Spanish often uses the present tense in time clauses with cuando to talk about general or habitual situations, even when English uses a present that looks more “future-like” (“goes out”):
- Cuando se va la luz, me da miedo.
= When the power goes out, I get scared. (in general, whenever that happens)
For a specific future event, Spanish would typically use the present subjunctive after cuando:
- Cuando se vaya la luz, vamos a usar velas.
= When the power goes out, we’re going to use candles.
In your sentence, it’s a general statement about what usually happens, so the simple present se va is correct and natural.
Both are grammatically correct and mean “total darkness.”
- la oscuridad total = the normal, neutral order (noun + adjective)
- la total oscuridad = marked / more literary or emphatic, often used for stylistic effect
In everyday speech, la oscuridad total is much more common and sounds more natural.
In Spanish, grammatical gender is mostly arbitrary and must be memorized with the noun. However, there is a pattern:
- Nouns ending in -dad (and -tad, -tud) are almost always feminine:
- la ciudad, la libertad, la amistad, la oscuridad
So oscuridad is feminine, and you use:
- la oscuridad total, not el oscuridad total.
Yes, but there’s a nuance:
apagarse la luz = the light goes off / is turned off (a lamp, a light fixture, etc.)
- Se apaga la luz del pasillo. = The hallway light goes off.
irse la luz (in much of Latin America) = the electricity goes out / there is a power outage
- Se va la luz en el edificio. = The power goes out in the building.

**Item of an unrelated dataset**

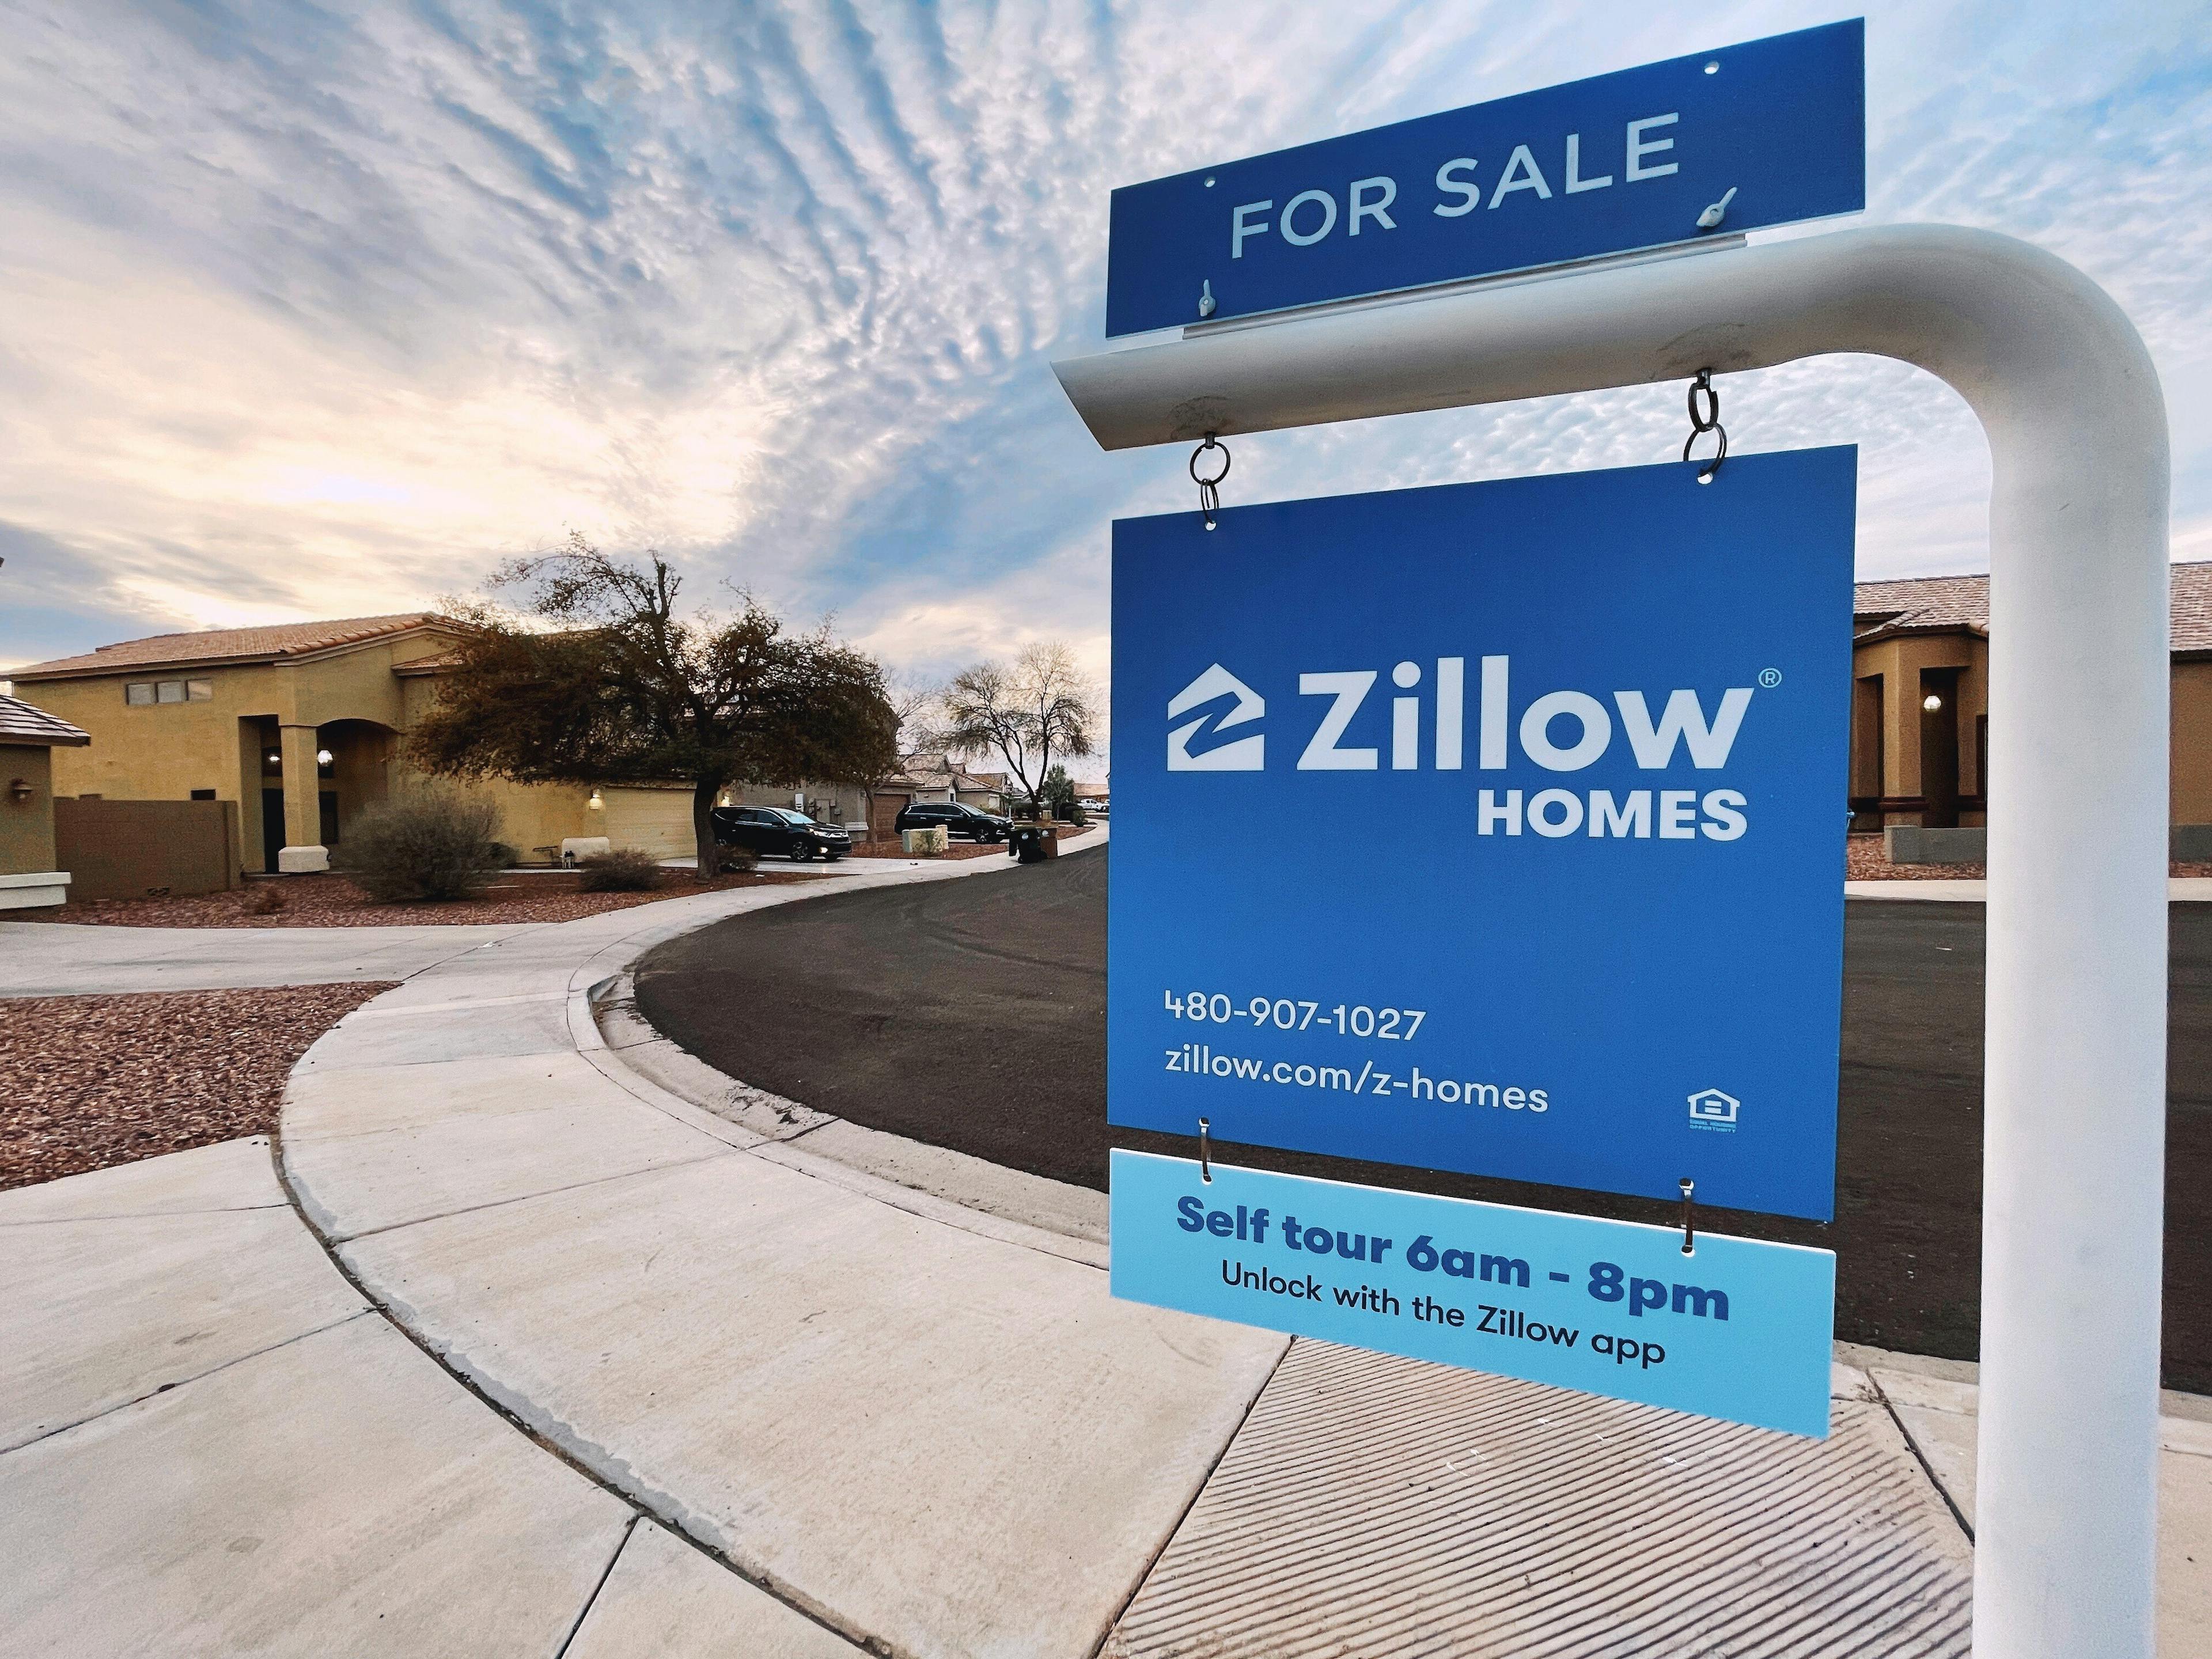 Poster showcasing Zillow homes for sale with corresponding phone numbers for potential buyers
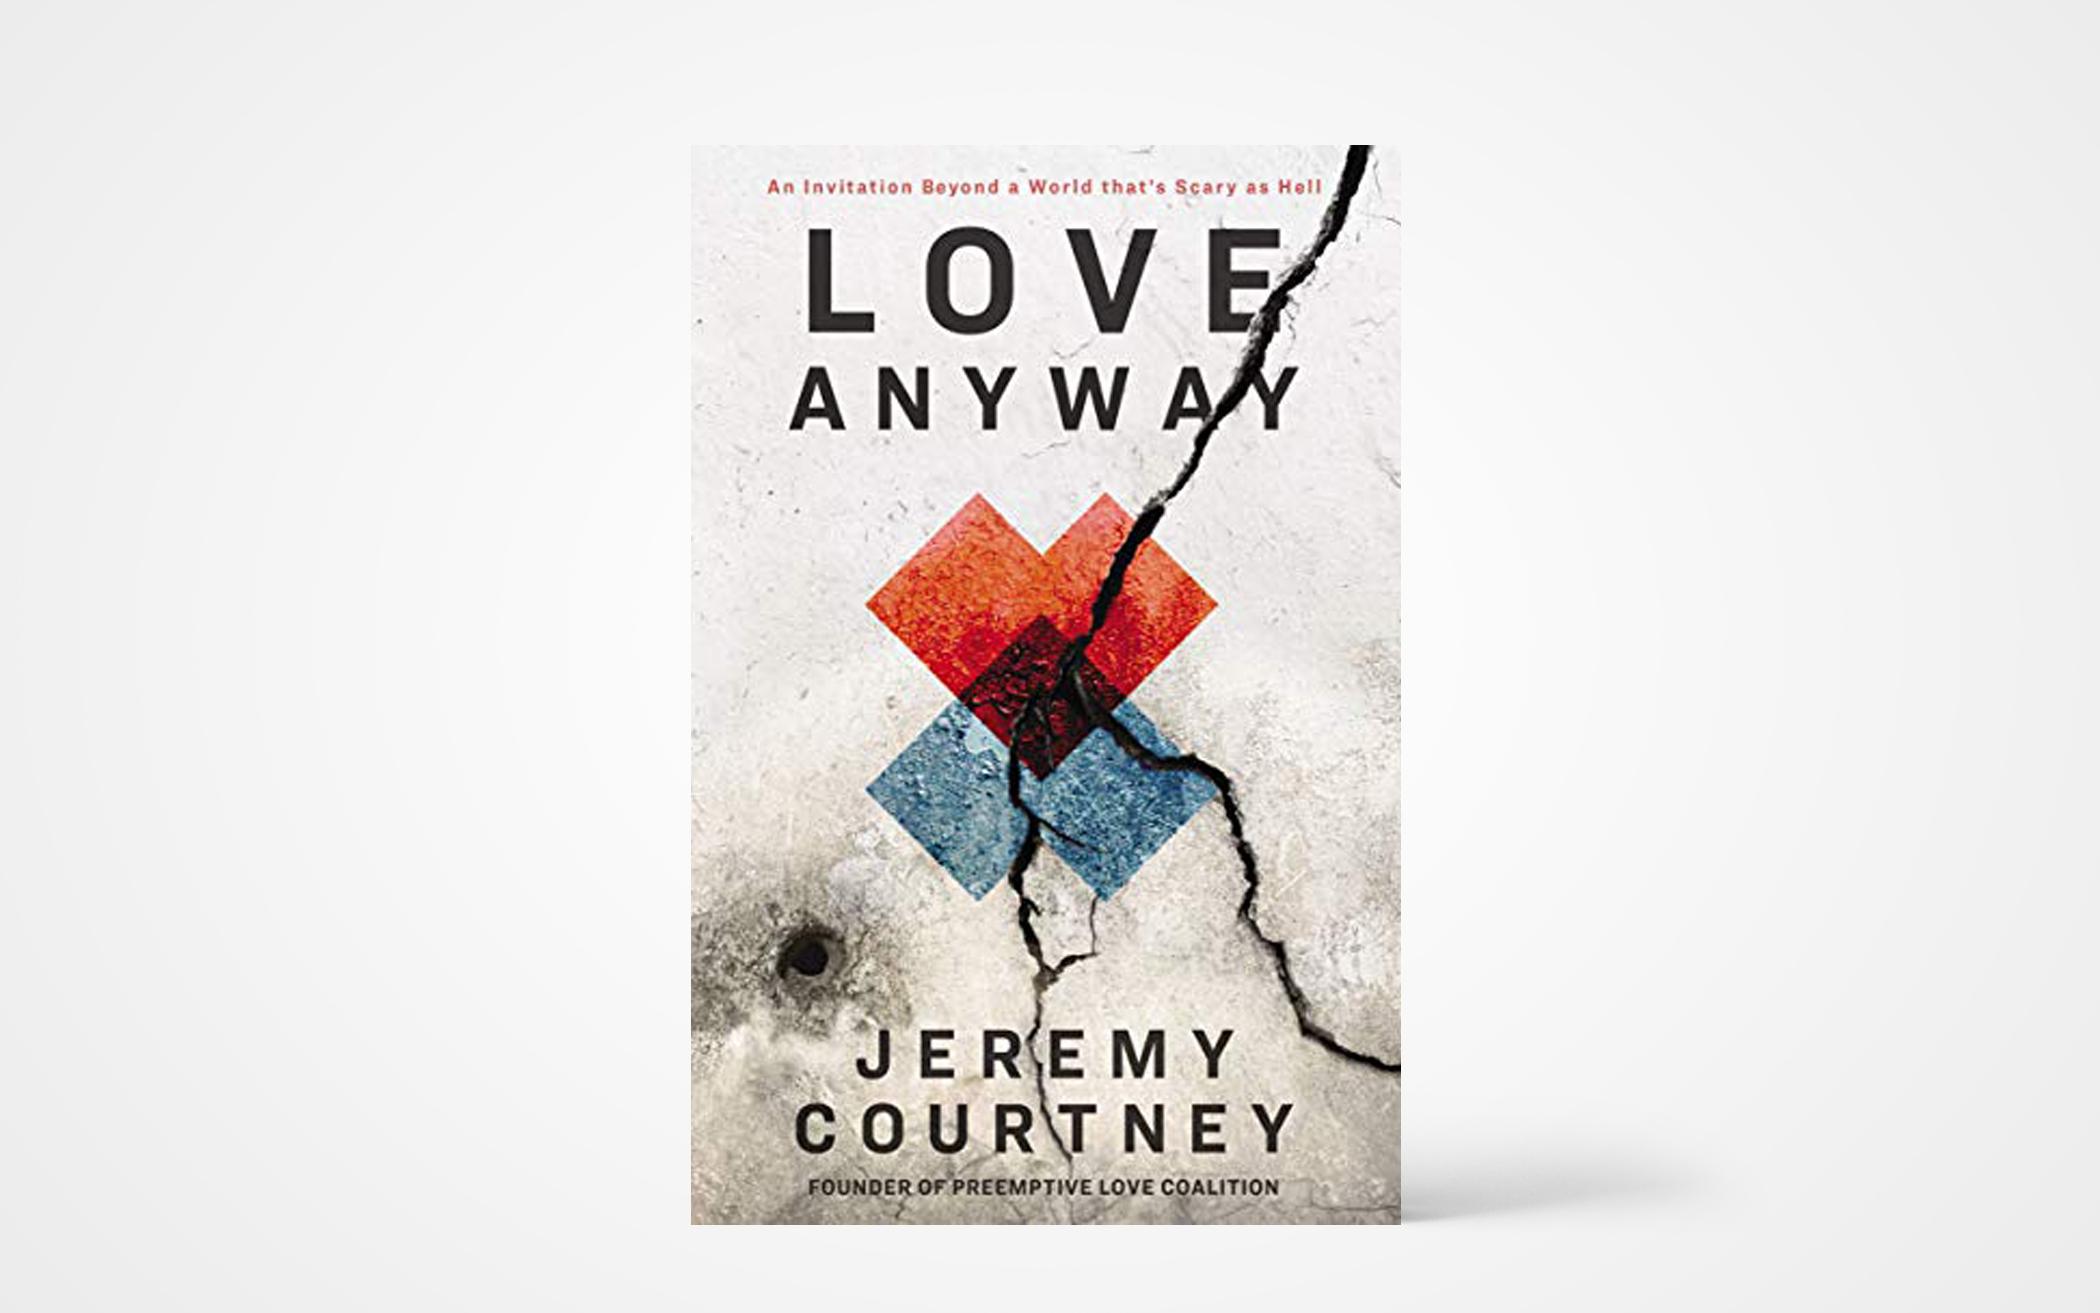 Love Anyway: An Invitation Beyond a World That’s Scary As Hell

In your sentence, se va la luz is better because it clearly refers to a power cut in the whole building, not just one lamp being turned off.
Here are a couple of very natural alternatives:
Me da un poco de miedo quedarme a oscuras cuando se va la luz en el edificio.
(“It scares me a little to be left in the dark when the power goes out in the building.”)Me da algo de miedo la oscuridad total cuando hay un apagón en el edificio.
(“Total darkness during a blackout in the building makes me a bit afraid.”)
All of these are normal, idiomatic ways to express the same idea in Latin American Spanish.